I’m currently at the training camp in Cambridge for this year’s UK IMO squad. This afternoon I gave a talk to some of the less experienced students about combinatorics. My aim was to cover as many useful tricks for calculating the sizes of combinatorial sets as I could in an hour and a half. We started by discussing binomial coefficients, which pleasingly turned out to be revision for the majority. But my next goal was to demonstrate that we are much more interested in the fact that we can calculate these if we want than in the actual expression for their values.

Put another way, my argument was that the interpretation of \binom{n}{m} as the number of ways to choose m objects from a collection of n, or the number of up-and-right paths from (0,0) to (m,n) is more useful than the fact that \binom{n}{m}=\frac{n!}{m!(n-m)!}. The opening gambit was to prove the fundamental result underlying the famous construction of Pascal’s triangle that

\binom{n+1}{m+1}=\binom{n}{m}+\binom{n}{m+1}.

This is not a hard result to prove by manipulating factorials, but it is a very easy result to prove in the path-counting setting, for example.

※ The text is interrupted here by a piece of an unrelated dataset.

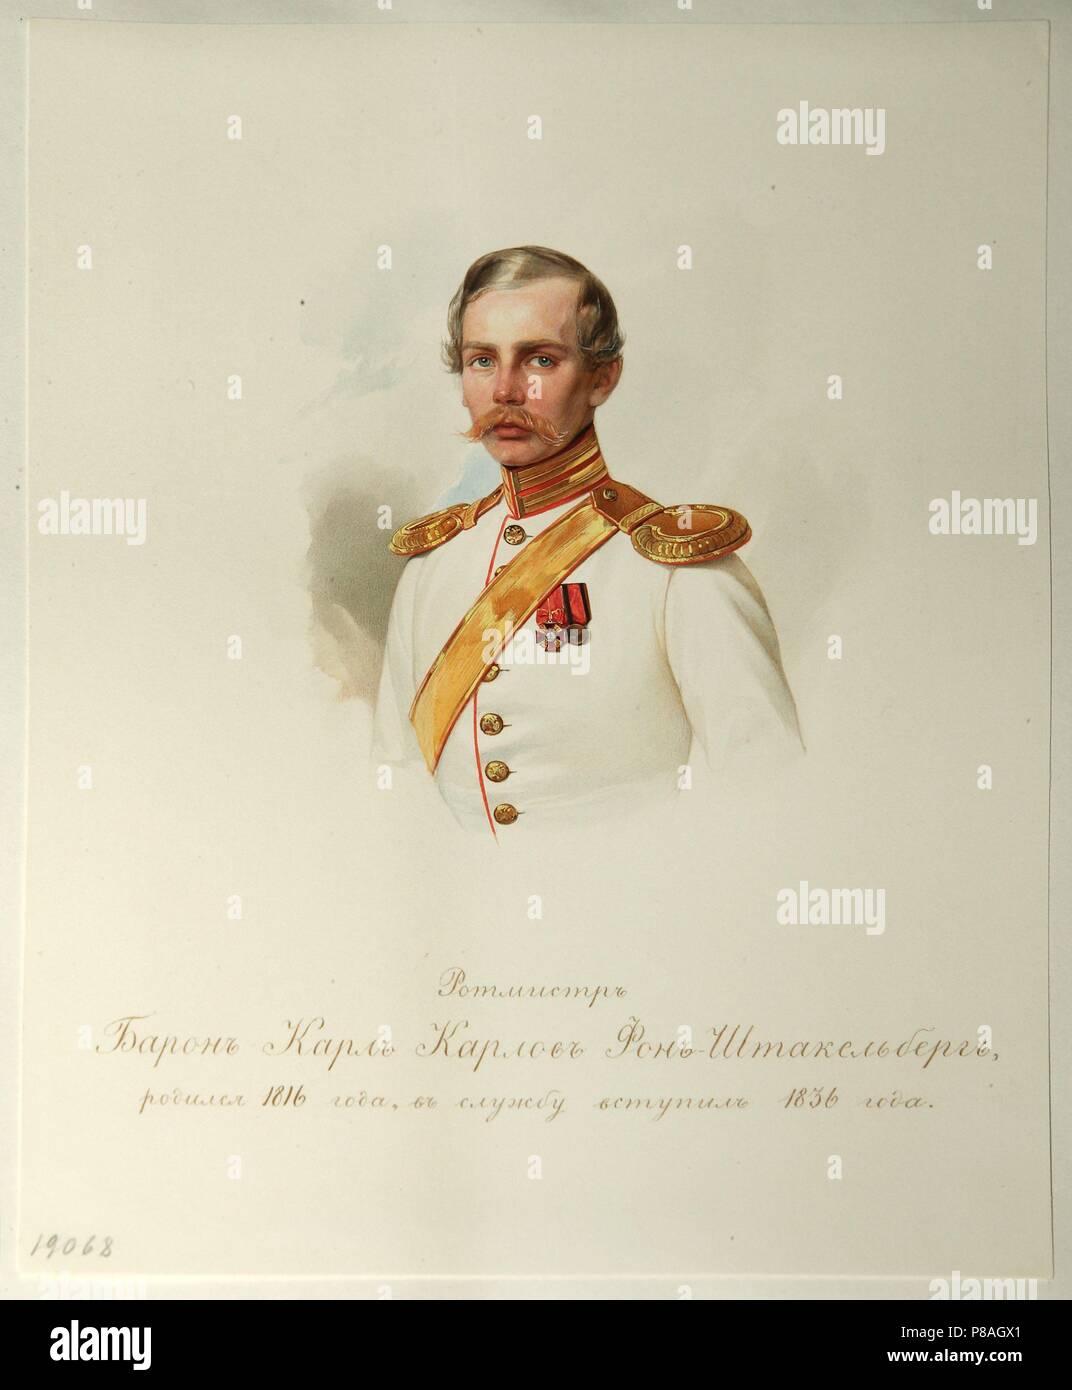 Ritratto del barone Karl Karlovich von Stackelberg (1816-1887) (dall'Album del Imperial Horse Guards). Museo: Institut della letteratura russa IRLI (Pushkin-House), San Pietroburgo. Foto Stock

So it turned out that the goal of my session, as further supported by some unsubtly motivated problems from the collection, was to convince the students to use bijections as much as possible. That is, if you have to count something awkward, show that counting the awkward thing is equivalent to counting something more manageable, then count that instead. For many simpler questions, this equivalence is often drawn implicitly using words (“each of the n objects can be in any subset of the collection of bags so we multiply…” etc), but it is always worth having in mind the formal bijective approach. Apart from anything else, asking the question “is this bijection so obvious I don’t need to prove it” is often a good starting-point for assessing whether the argument is in fact correct!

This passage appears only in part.